━━ Data extract ━━

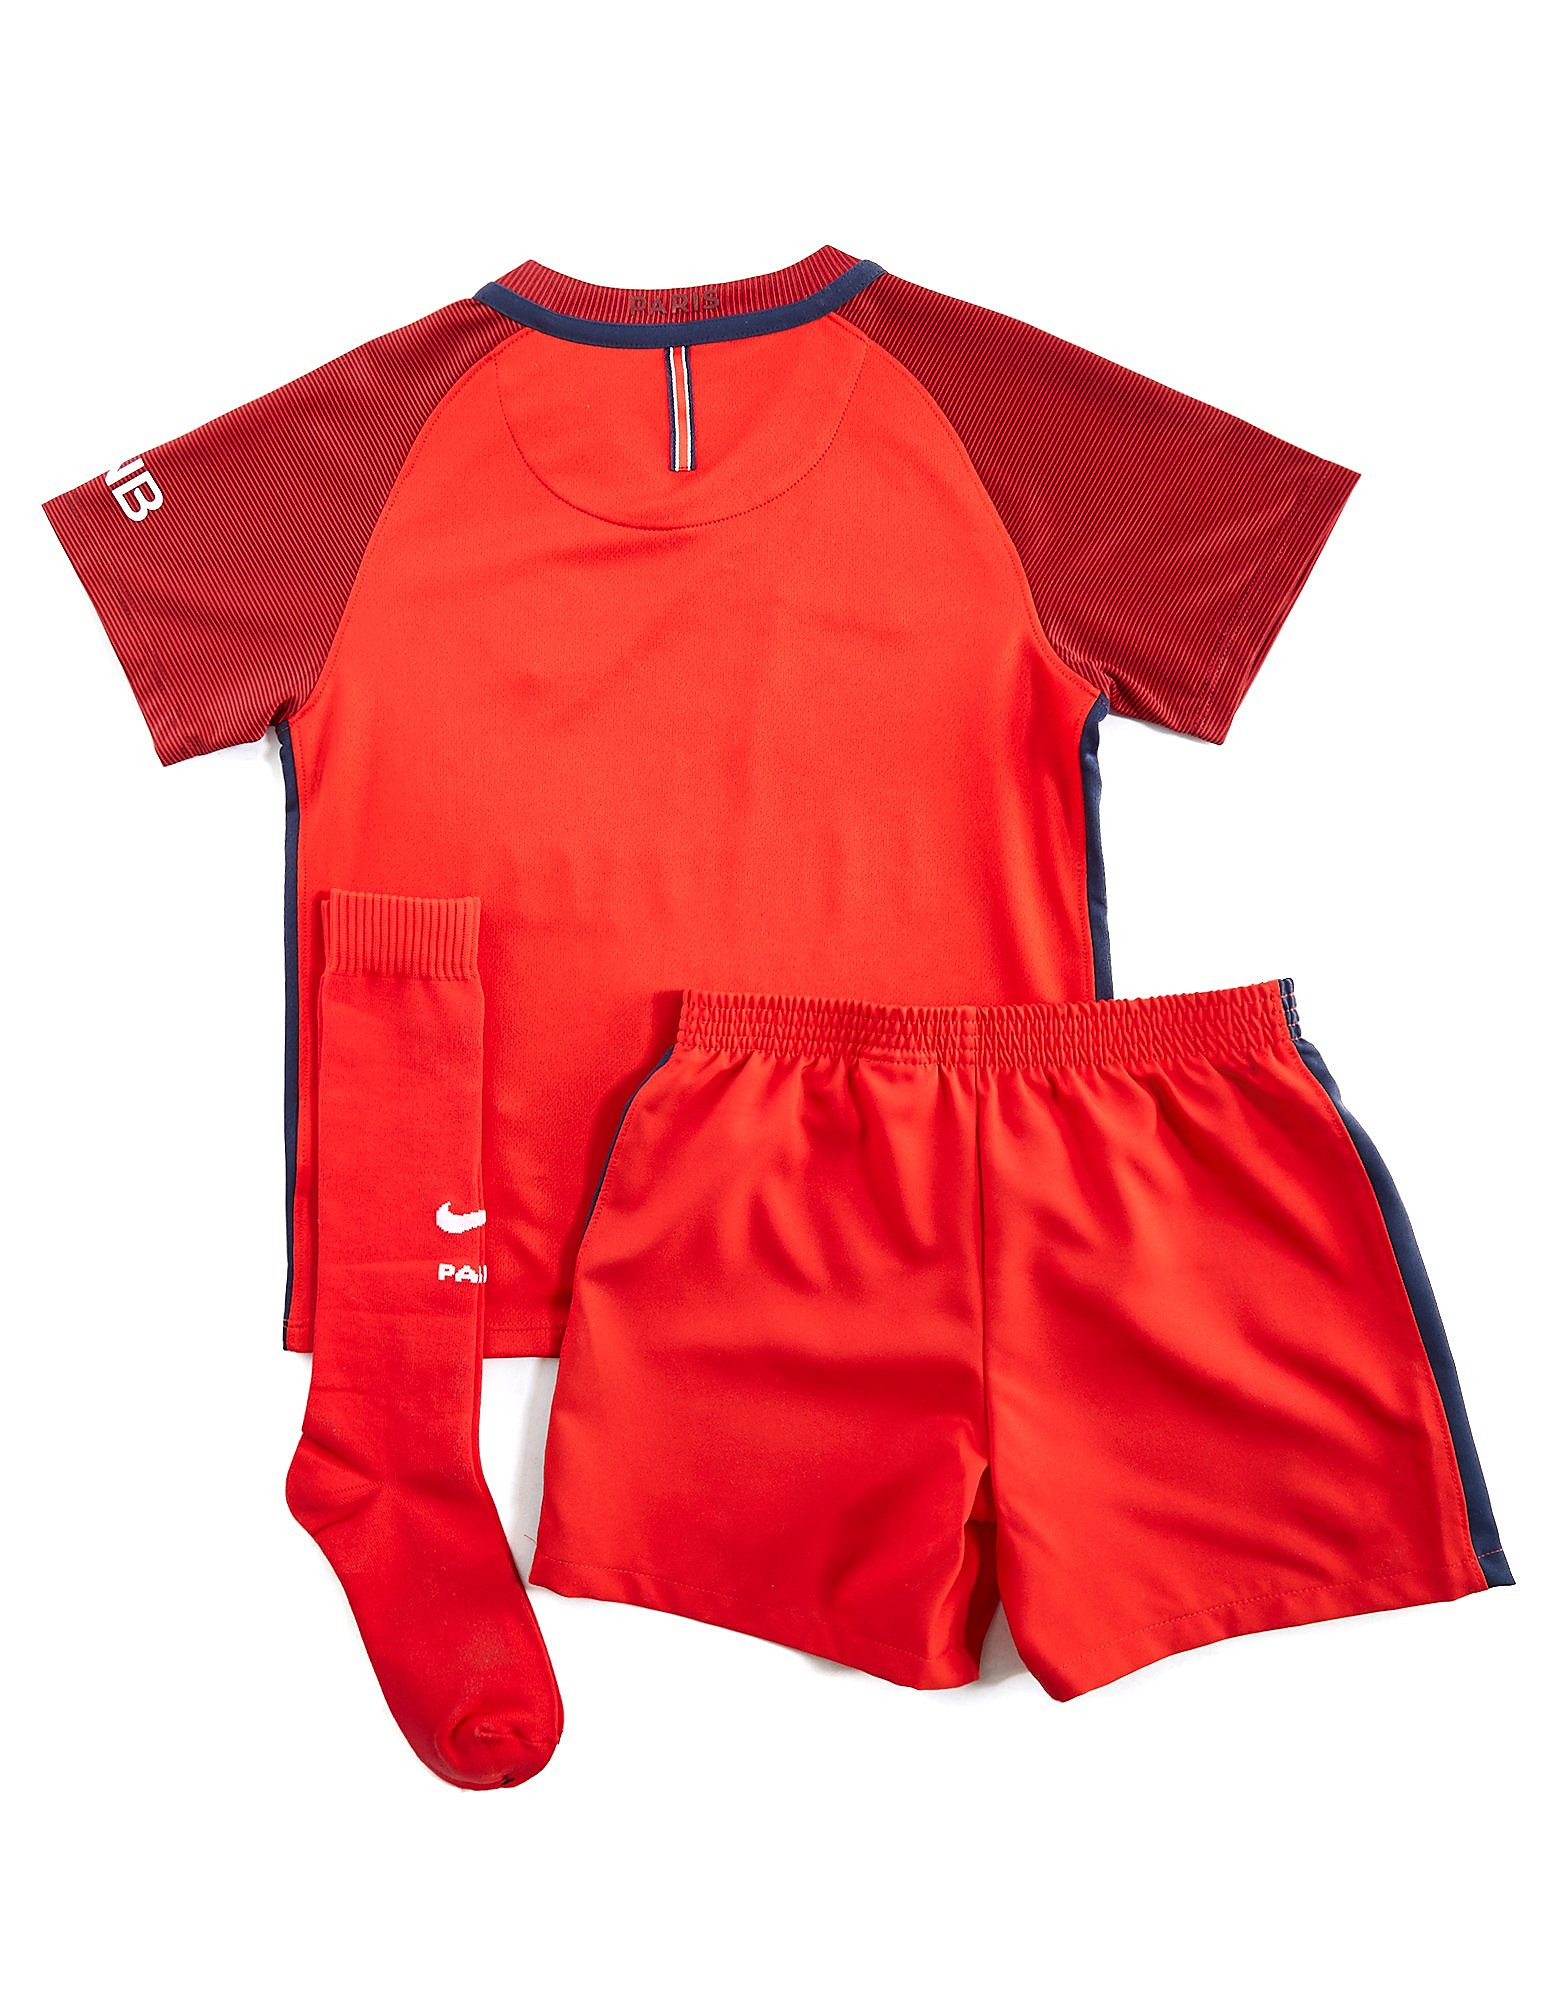 Nike Paris Saint Germain 2016/17 Junior Home Kit
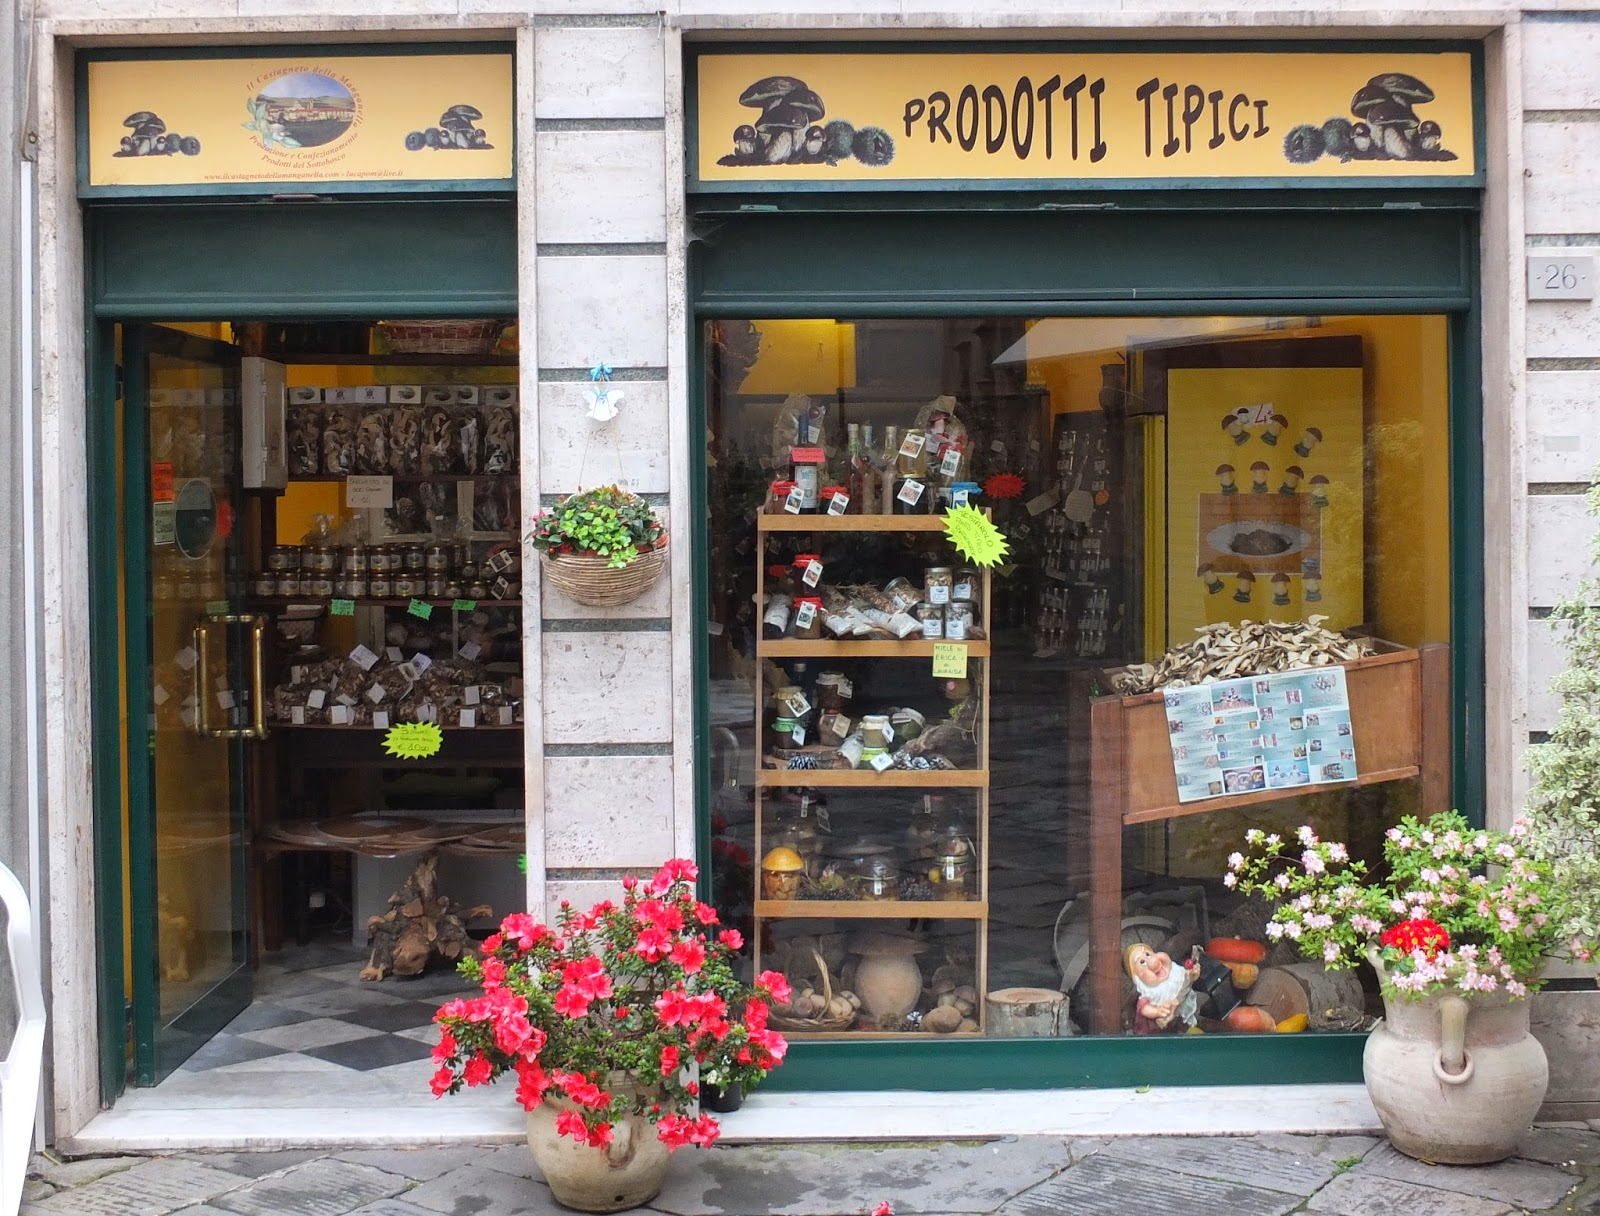 Prodotti Tipici specialties shop
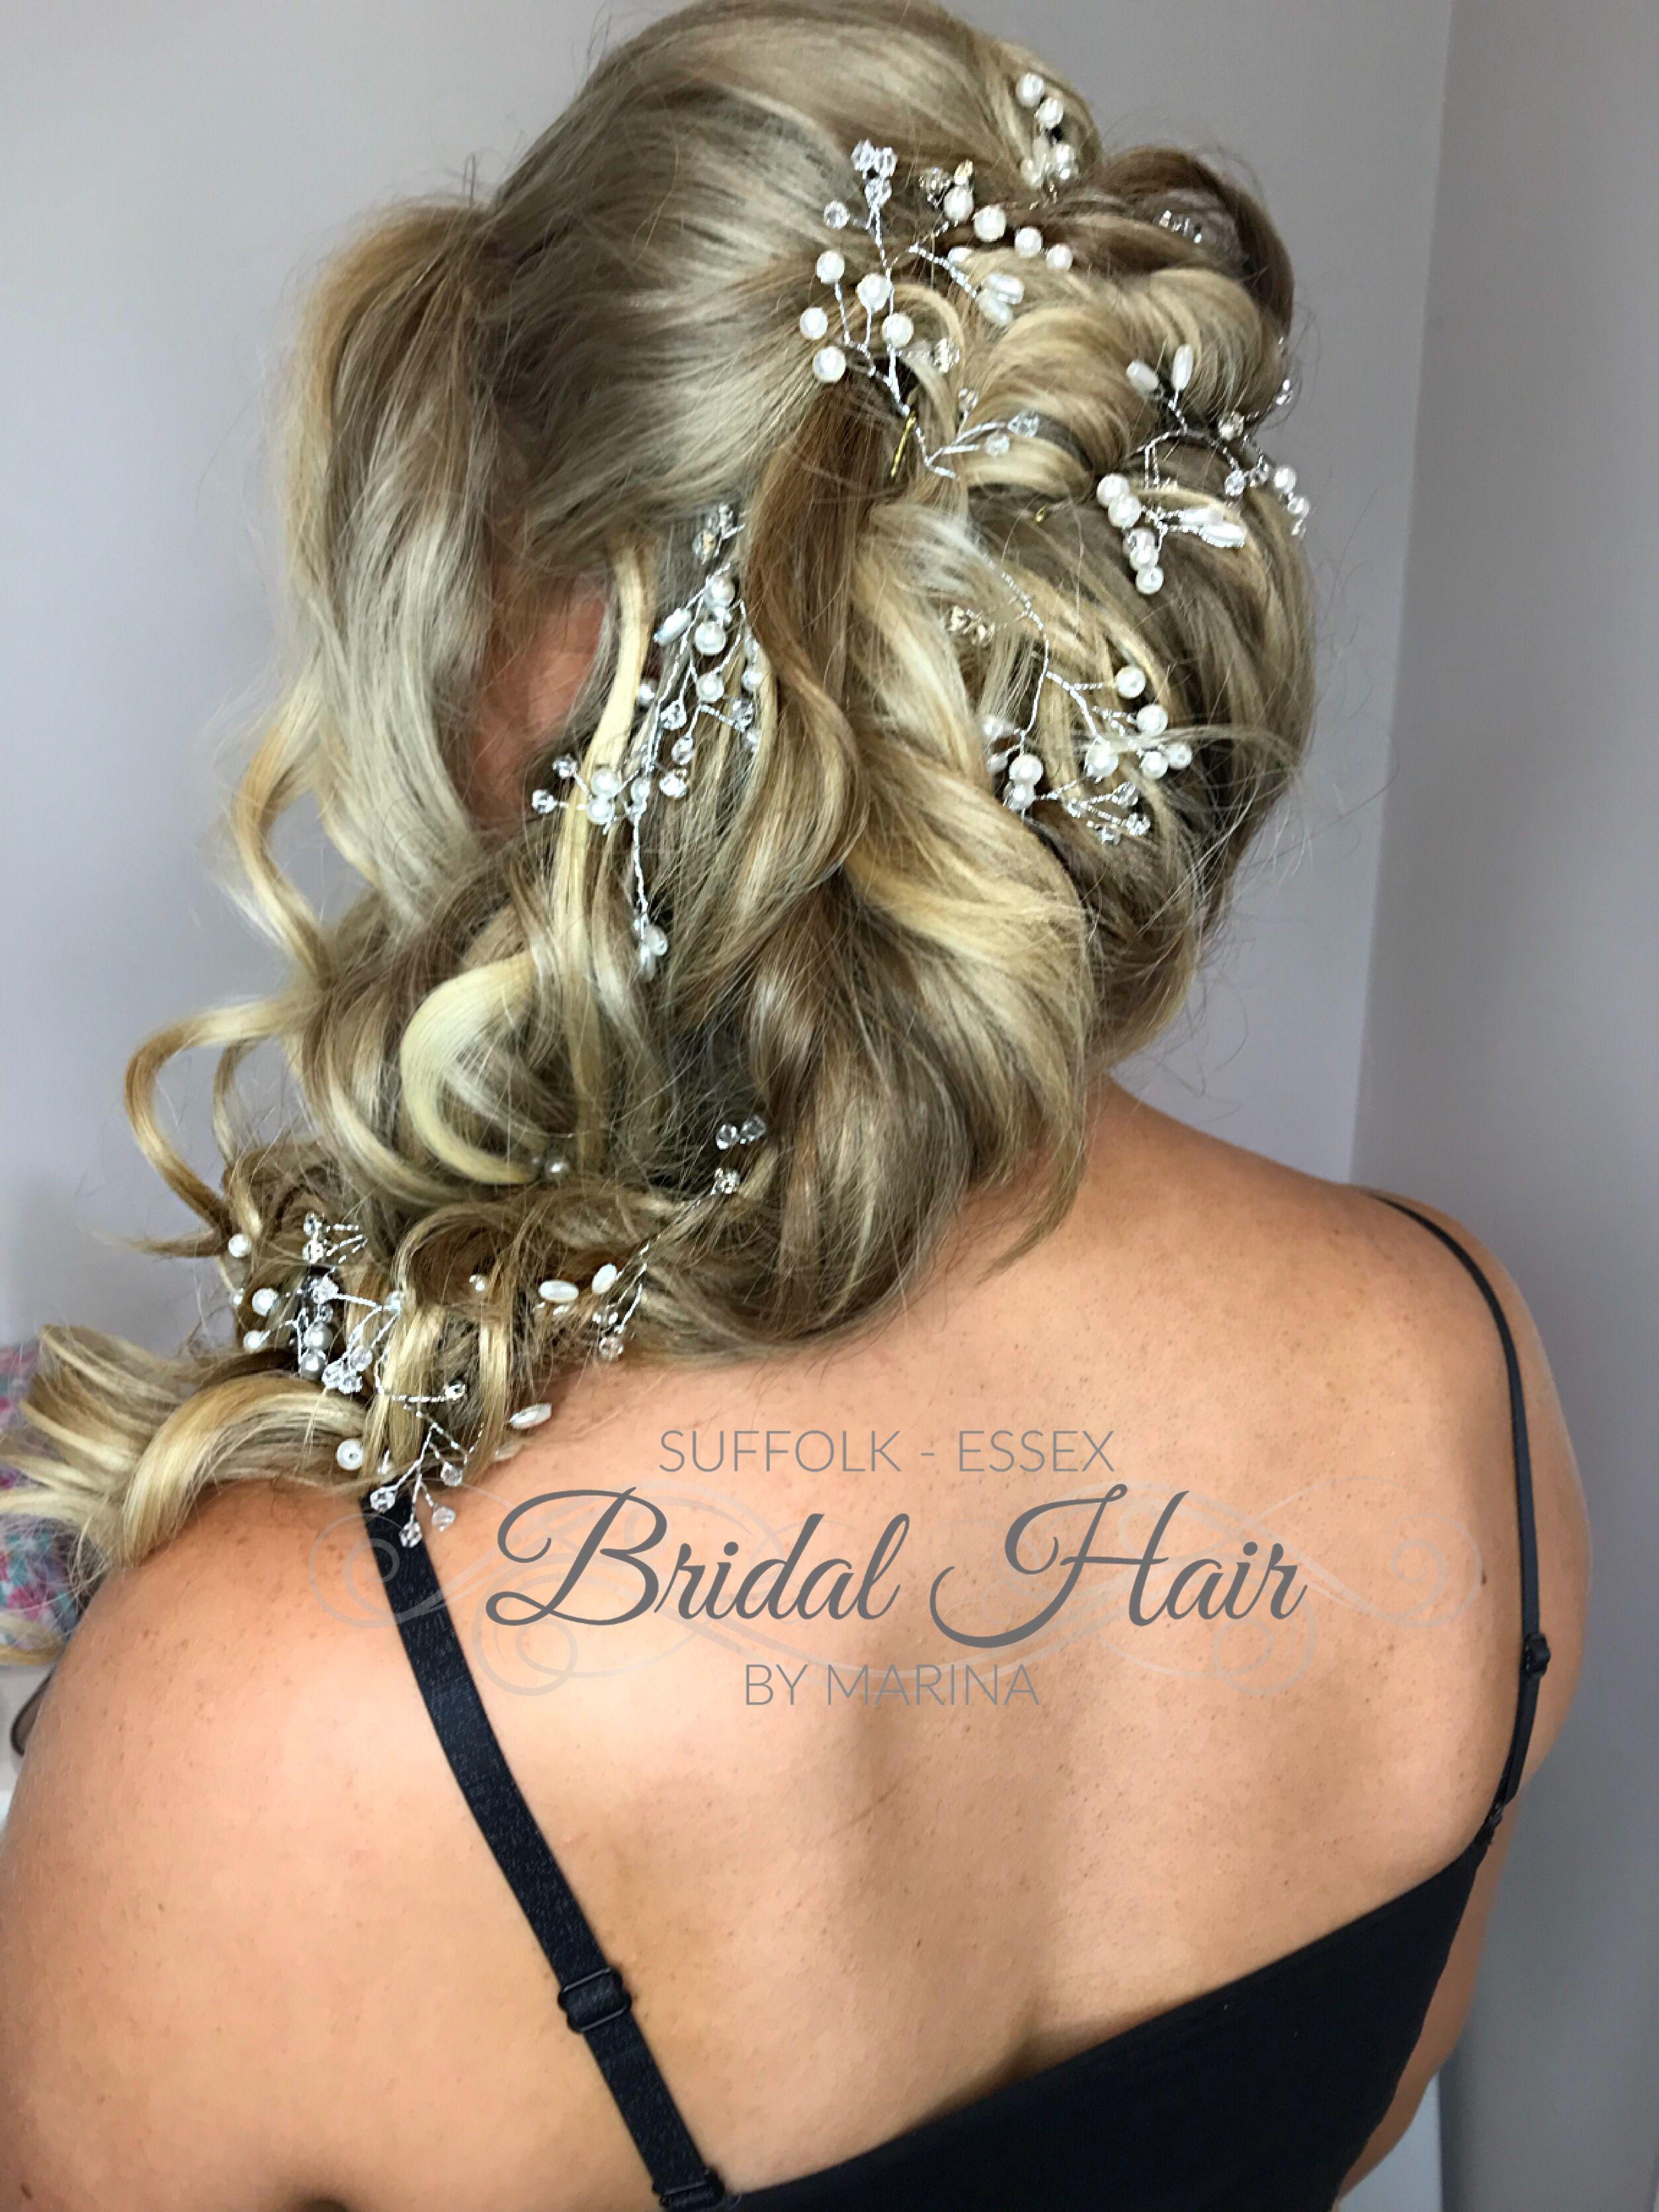 wedding/ bridesmaids hairstyles with volume | hair

━━━

What the exercise asks - Write out each line again, exactly as it appears above, except for any picture.

Answer area -
 Nike Paris Saint Germain 2016/17 Junior Home Kit
 Prodotti Tipici specialties shop
 wedding/ bridesmaids hairstyles with volume | hair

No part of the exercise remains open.